数値サマリー

項目当期(百万円)前期(百万円)前期比
売上高6,7706,246+8.4%
営業利益848775+9.4%
経常利益859776+10.6%
純利益578518+11.5%
  • 営業利益率: 12.5%
  • 業績修正の有無: なし

来期業績予想

項目来期予想(百万円)今期通期実績比
売上高5,702-15.8%
営業利益380-55.2%
経常利益392-54.3%
純利益255-55.8%

来期業績予想は、売上高・利益ともに前期実績から大幅な減益を見込んでおり、市場に対して慎重な見通しを示していると評価できます。

分析

  1. 数字の「意味」 当期の実績では、売上高が前年同期比で8.4%増と堅調に推移しており、営業利益率も12.5%と業界平均を大きく上回る高い水準を維持しています。これは、単なる売上の増加だけでなく、収益構造の改善やコスト管理が機能していることを示唆します。特に純利益は前年同期比で11.5%増と、売上成長率を上回る伸びを示しており、利益面での効率性が高まっていることが読み取れます。

  2. 会社の現在の状況・戦略的背景 「千曲川の防災・減災工事等の受注や地域製造業の設備投資需要の取り込みが堅調であったこと」「堅調な土木工事に伴う資材需要が伸長したこと」といった記述から、インフラ関連の公共事業や地域経済の回復を追い風に、安定的な受注基盤を構築できている状況が伺えます。また、自己資本比率が69.7%と高い水準を維持しており、財務体質は極めて強固です。

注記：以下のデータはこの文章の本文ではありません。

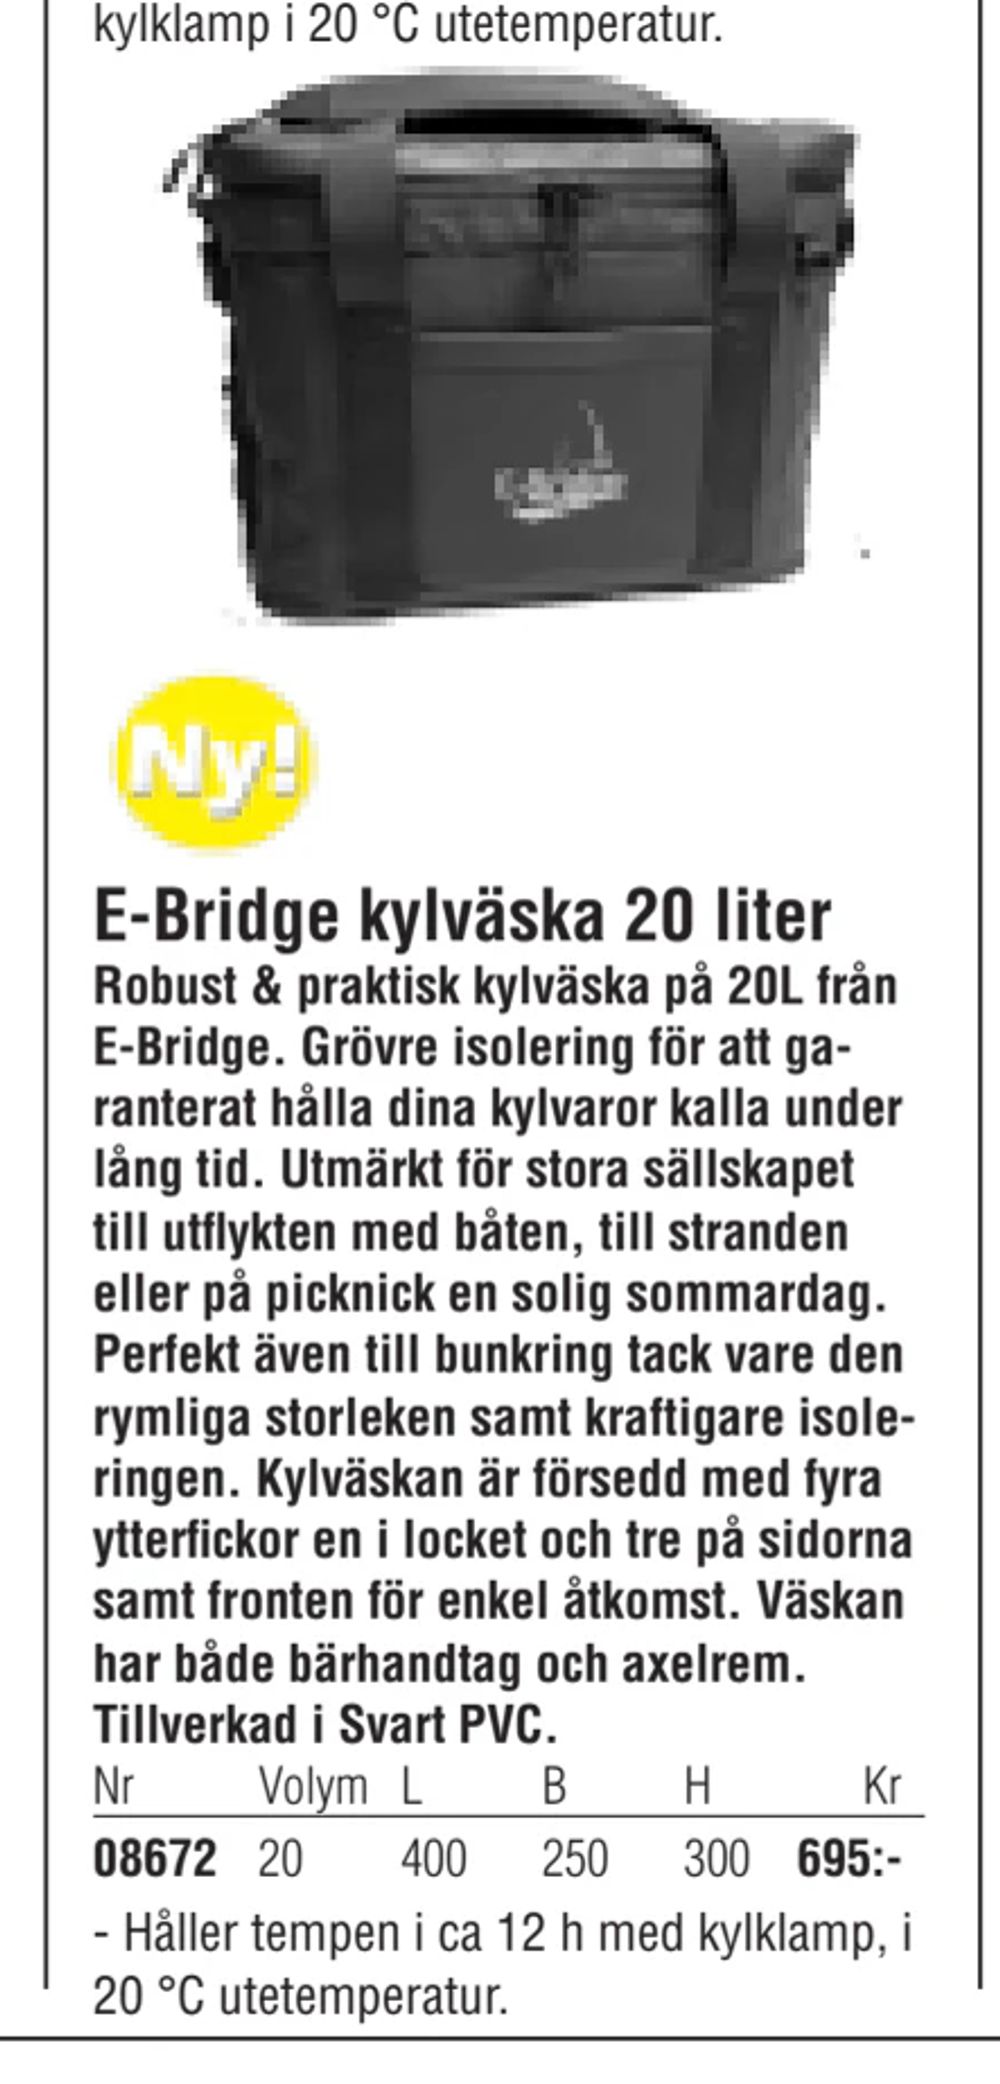 Erbjudanden på E-Bridge kylväska 20 liter från Erlandsons Brygga för 695 kr

  3. 注目すべき変化・リスク・ポジティブ要因 【ポジティブ要因】:当期の実績における利益成長率は売上高の伸びを上回っており、収益性が高い状態が継続しています。また、工事進捗に伴う資産(受取手形・未収入金)の増加は、今後の売上の確実な回収を見込める材料となります。 【リスク要因】:一方で、来期予想では売上高、営業利益、経常利益、純利益の全てにおいて前期実績から大幅な減益を織り込んでいます。これは、市場環境や受注パイプラインに対する懸念が色濃く反映されており、今後の事業計画策定においては外部環境の変化(地政学リスク、資材価格など)による下方圧力が想定されていることを示しています。

  4. 海外投資家が誤解しそうな日本特有の文脈 建設業界における「工事の進捗」に関する会計処理は海外投資家にとって理解が難しい場合があります。本件では、「受取手形・完成工事未収入金等の増加」「未成工事受入金の減少」といった記述があり、これは売上計上のタイミングや工期管理に伴う資産の変動を指します。単なる「売掛金」とは異なり、工事の進捗度合いに応じて収益と債権が動くため、会計処理の理解には業界特有の知識が必要です。また、本業セグメントが総合建設事業に限定されている点も、多角的なビジネスモデルを持つ企業と比較した際の視点となります。